:: Your assignment ::
Below is a listing; transcribe it exactly but without any images.

:: Dataset content ::
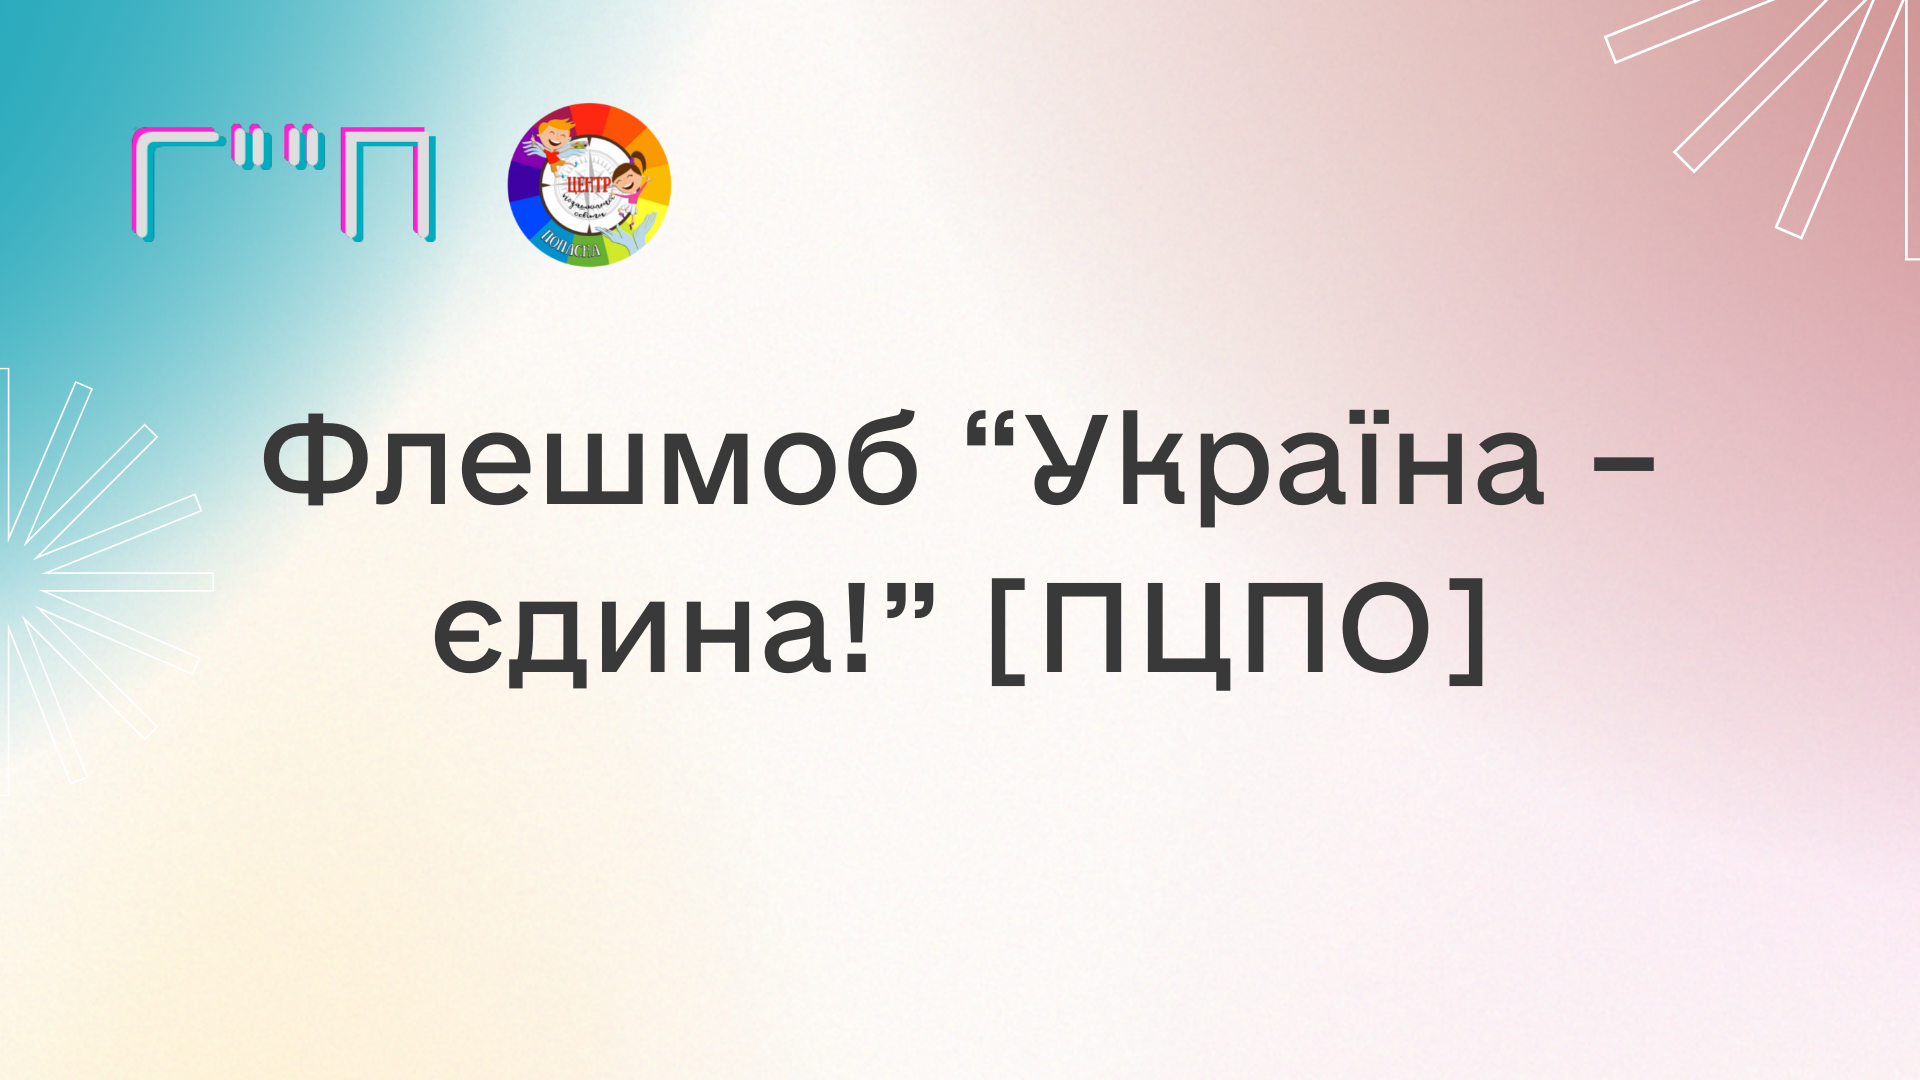 Флешмоб “Україна – єдина!” [ПЦПО]
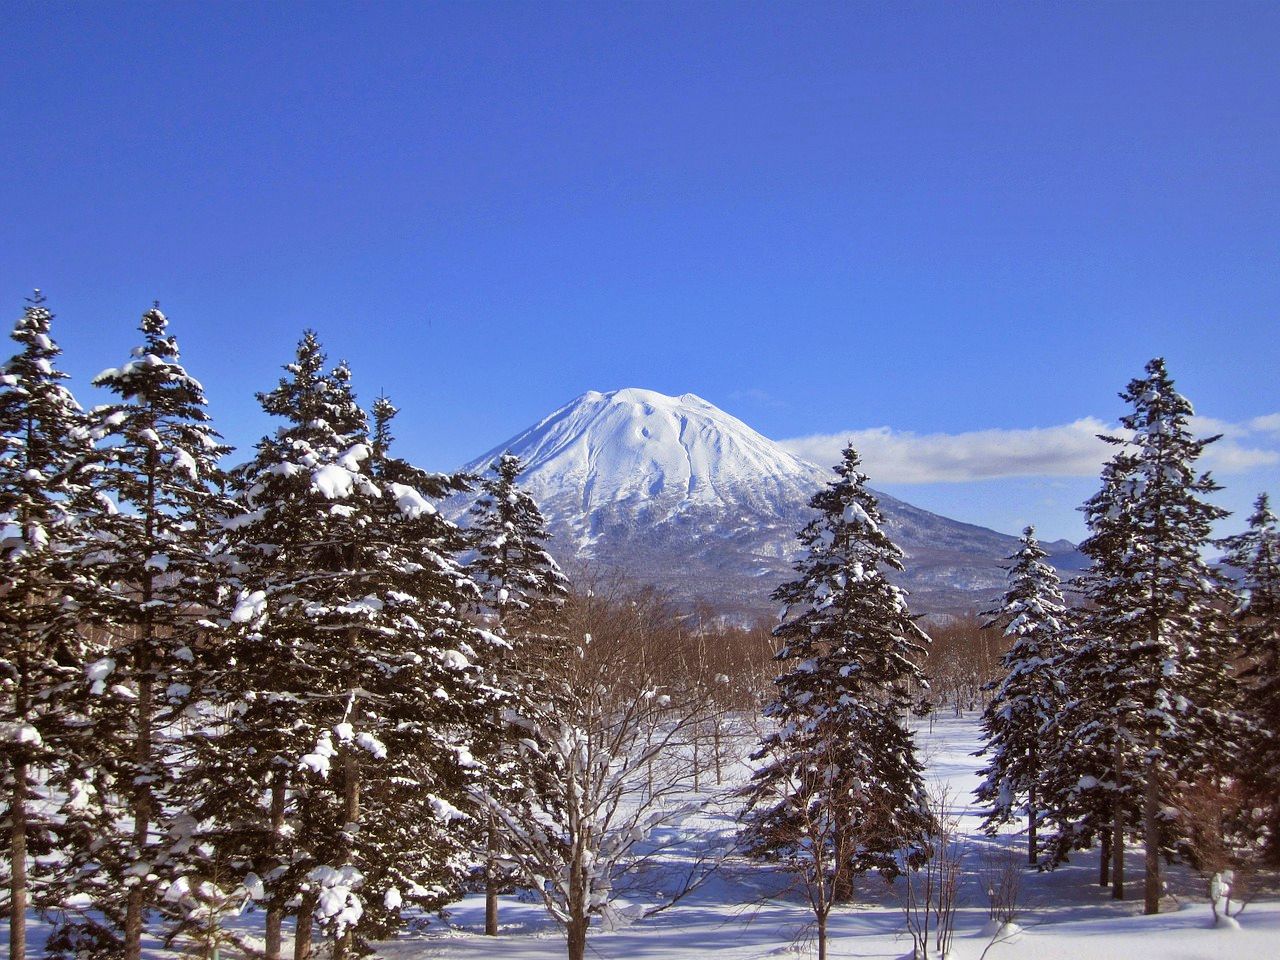 Mount Yotei, Niseko, Japan 
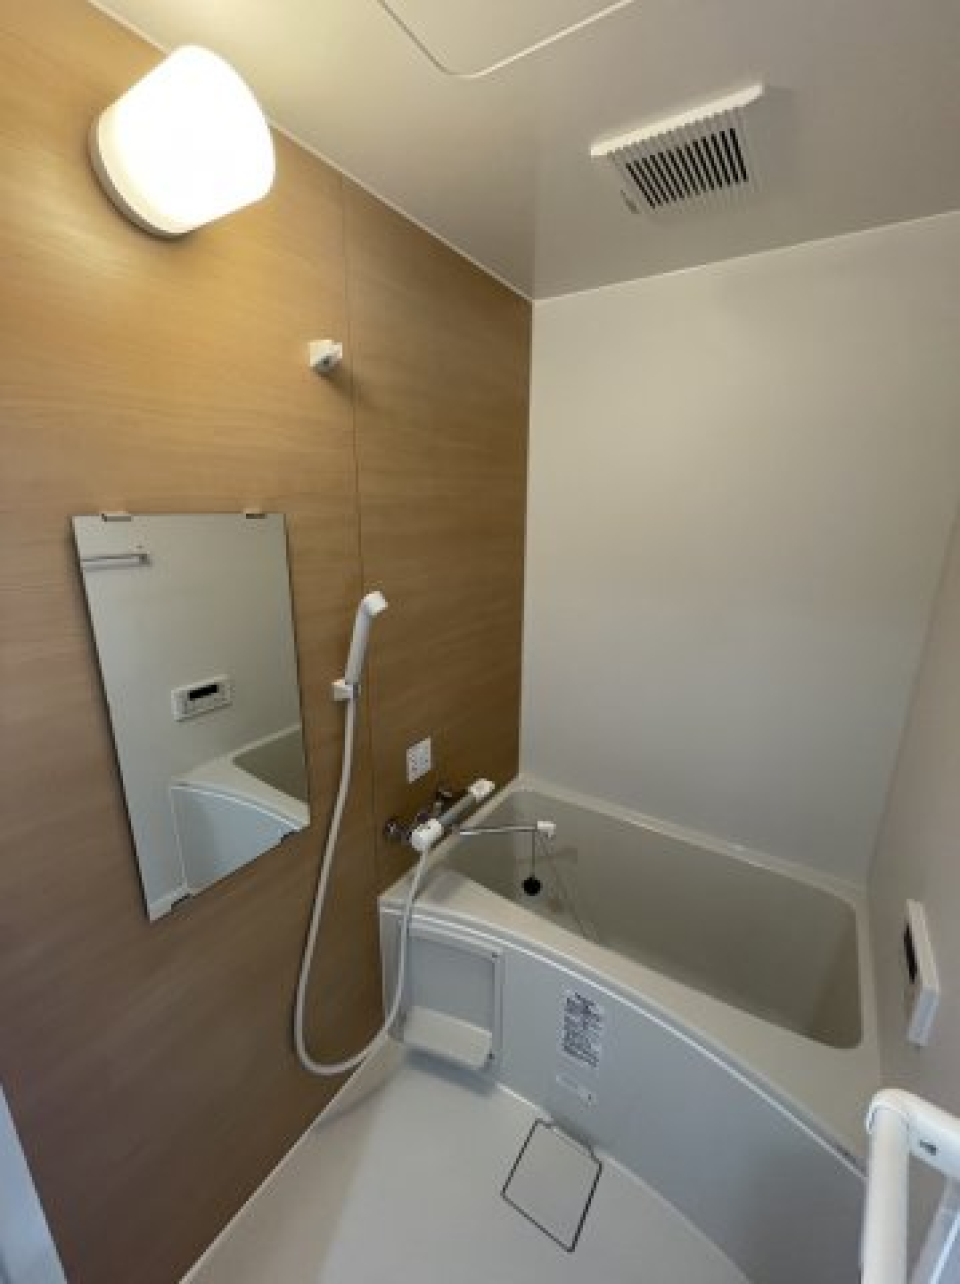 ナチュラルな木目調のパネルが採用された浴室。

:: Task output ::
 Флешмоб “Україна – єдина!” [ПЦПО]
 Mount Yotei, Niseko, Japan 
 ナチュラルな木目調のパネルが採用された浴室。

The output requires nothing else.